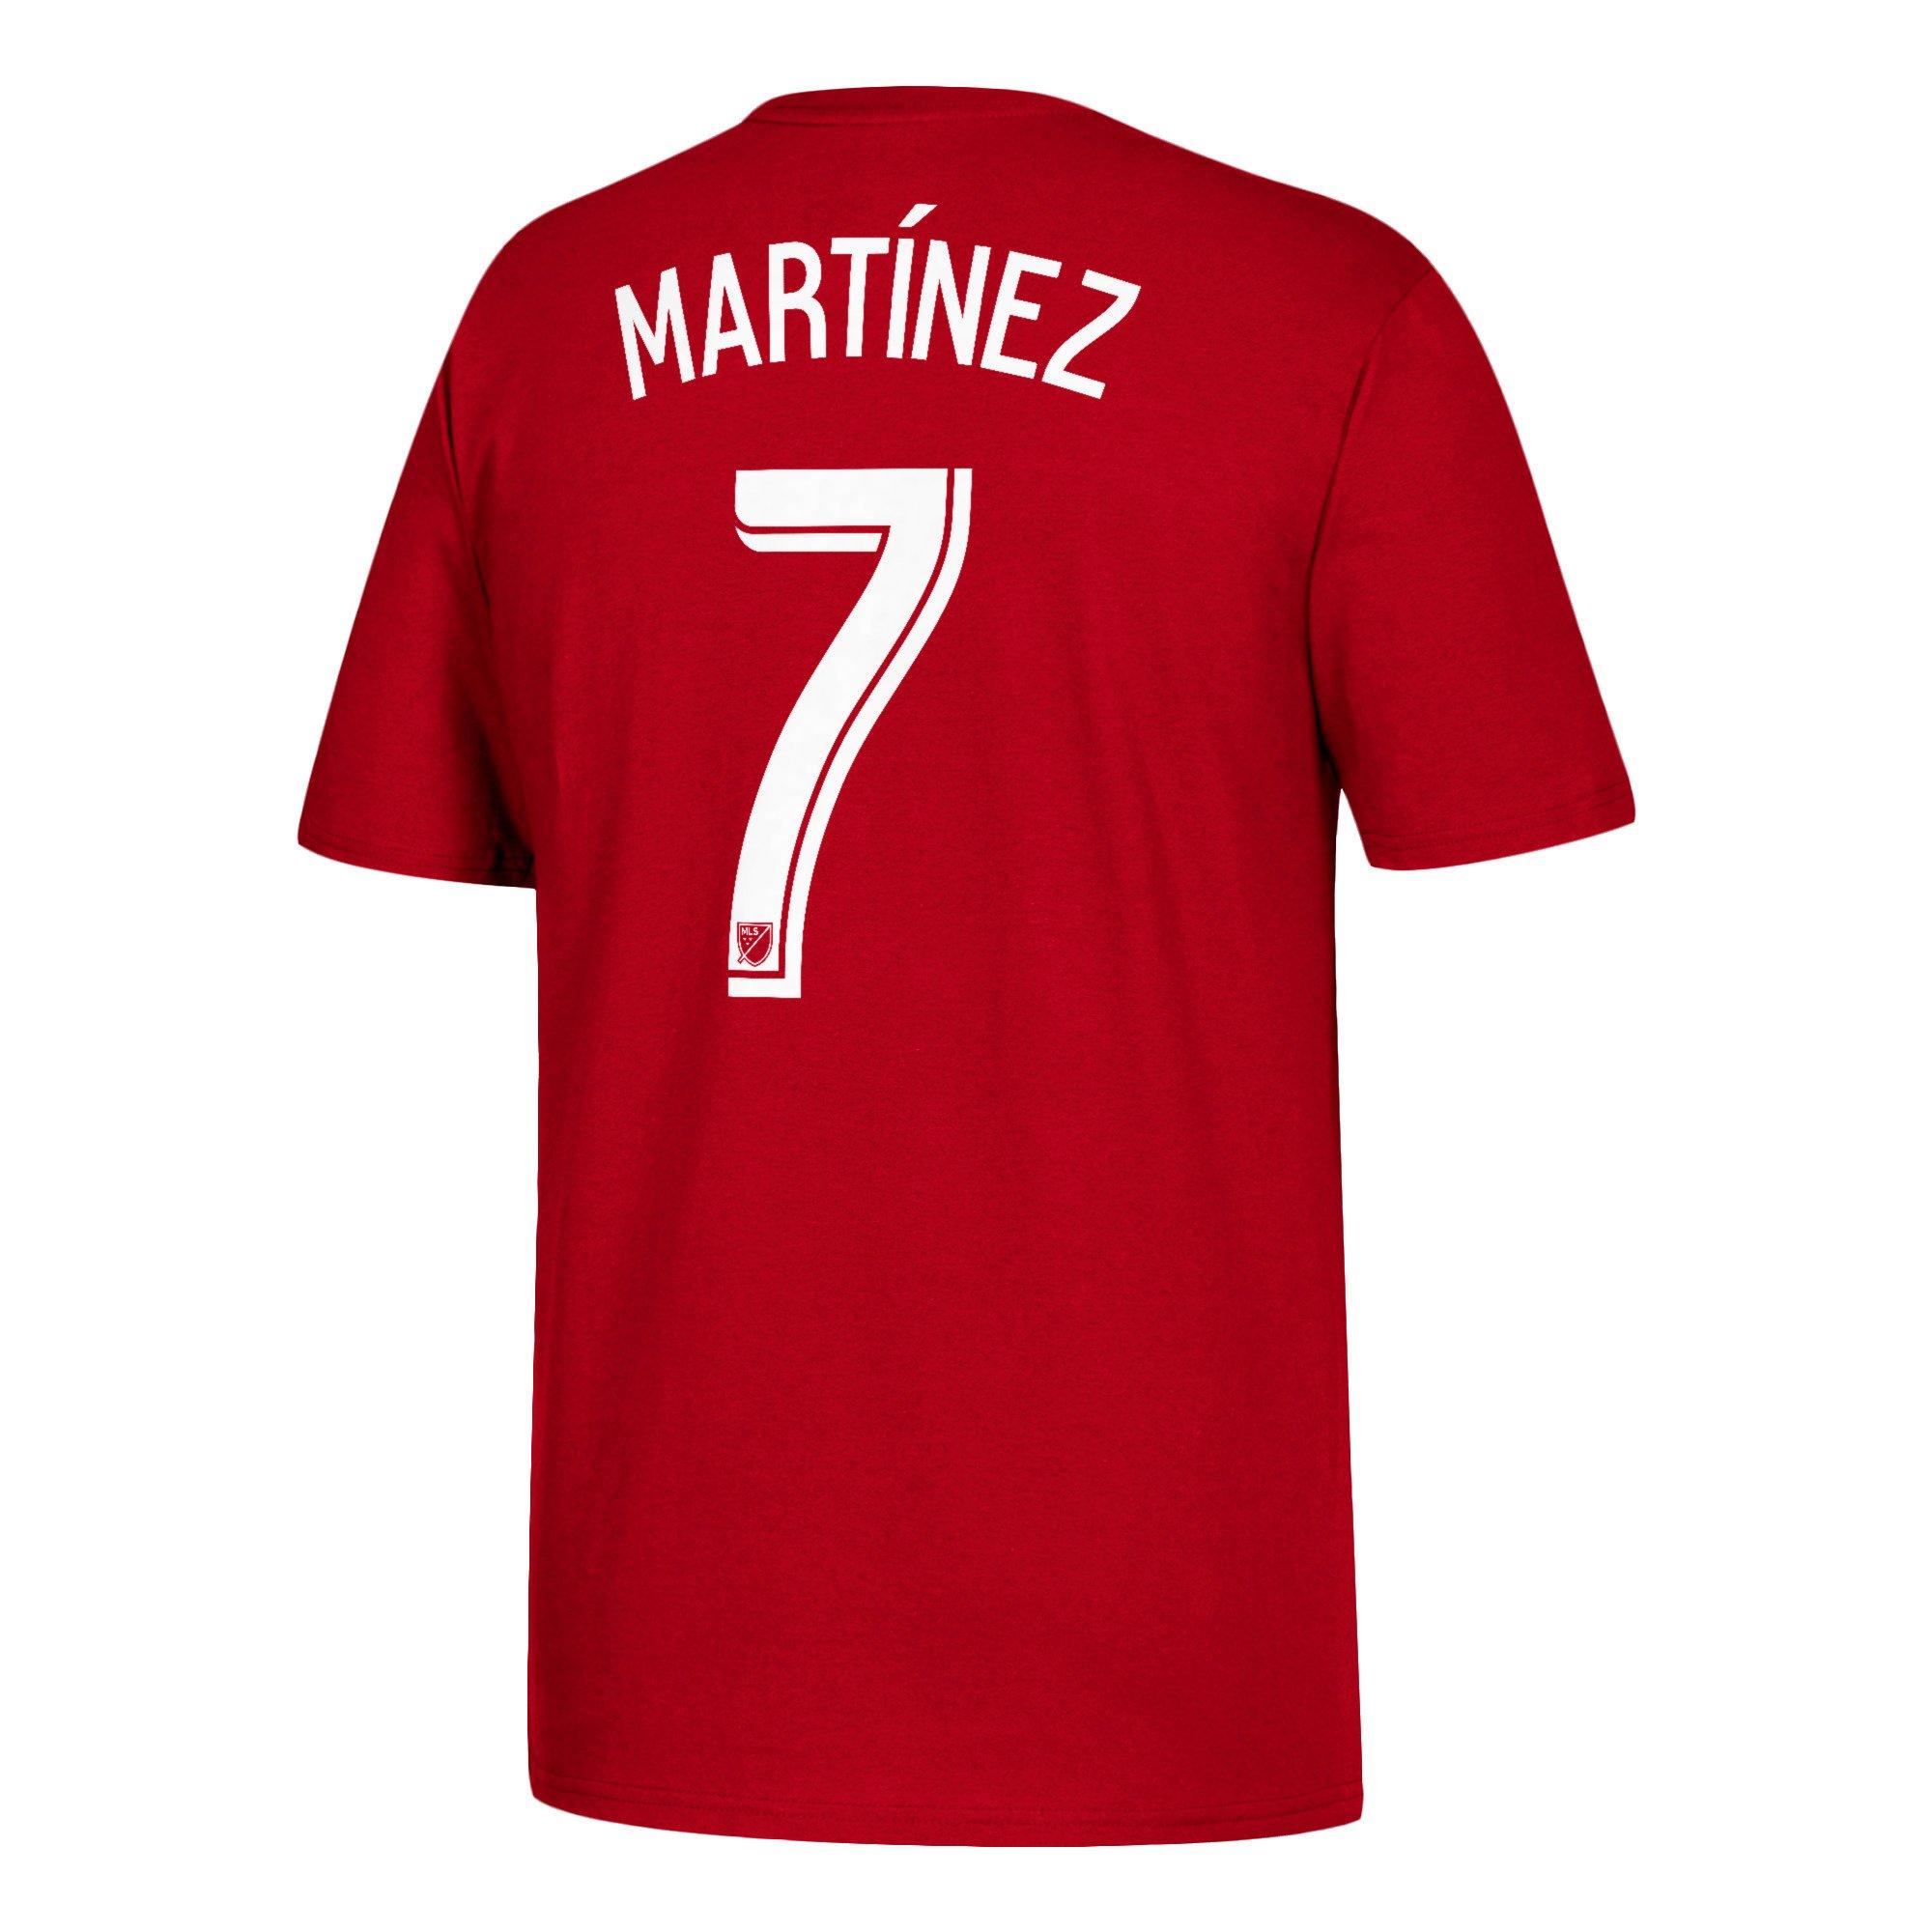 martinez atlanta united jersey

* * *

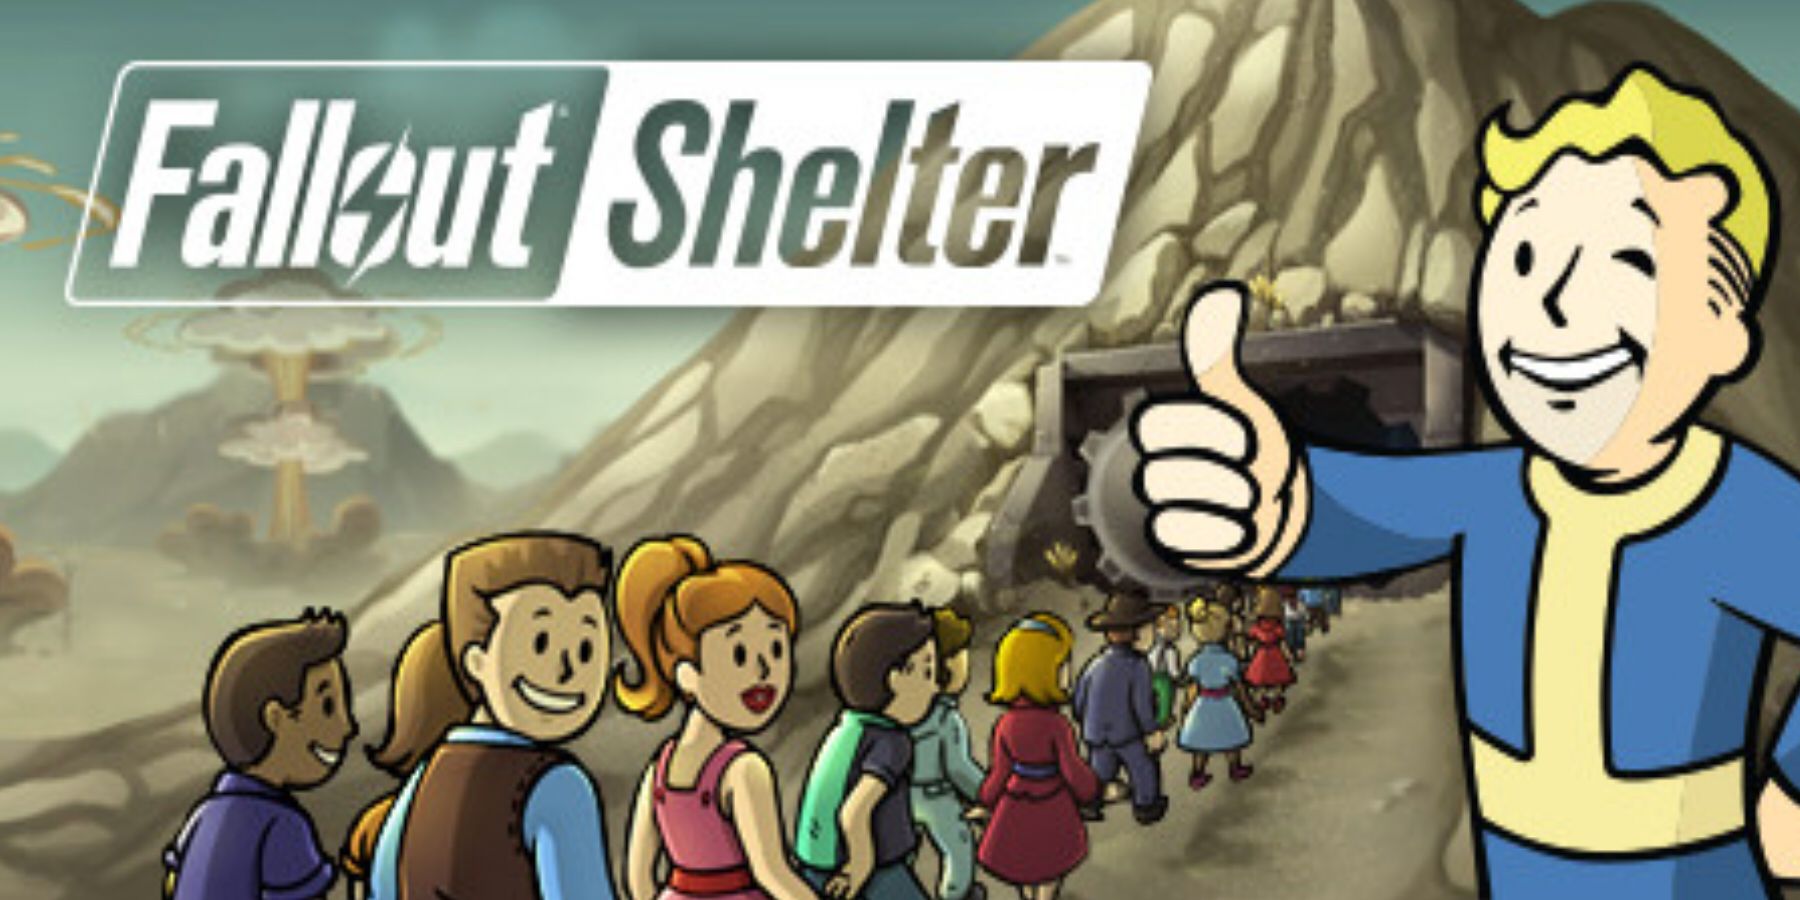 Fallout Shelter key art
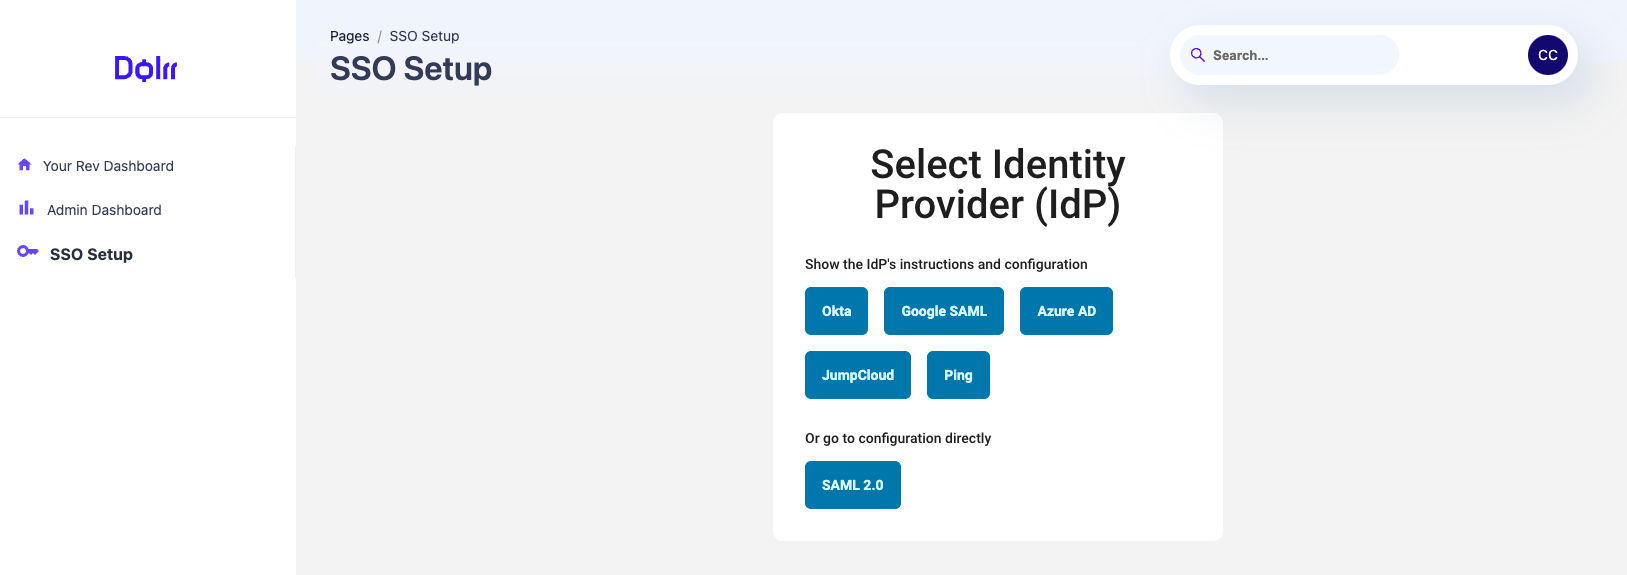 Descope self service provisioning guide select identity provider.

--

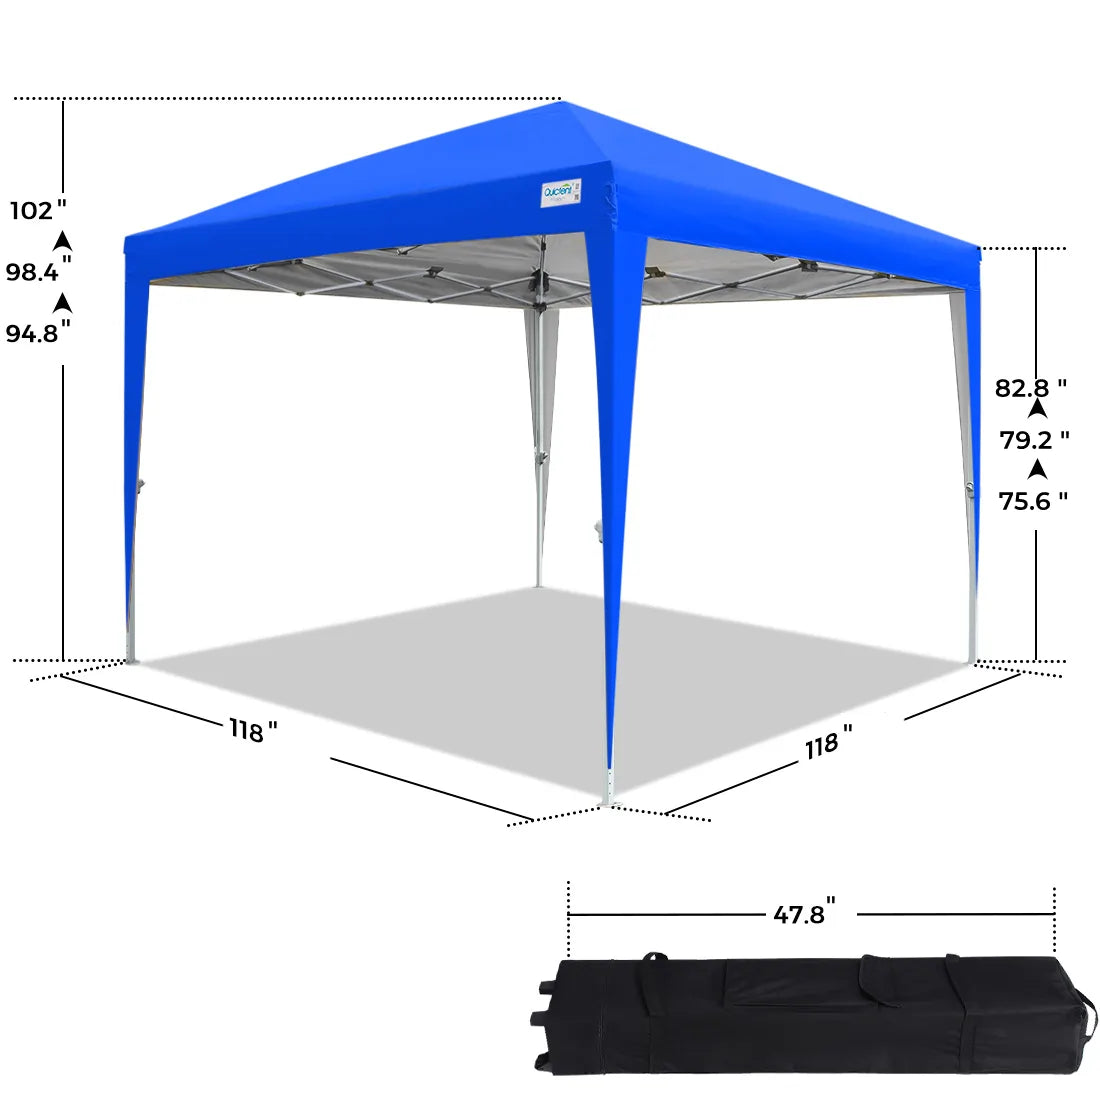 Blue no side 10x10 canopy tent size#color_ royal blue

*Assignment*. Copy needed, without pictures: the lines of the listing above from the line containing "Fallout Shelter key art" up to and including the line containing "Descope self service", set down exactly.

*Reply to the task*.
 Fallout Shelter key art
 Descope self service provisioning guide select identity provider.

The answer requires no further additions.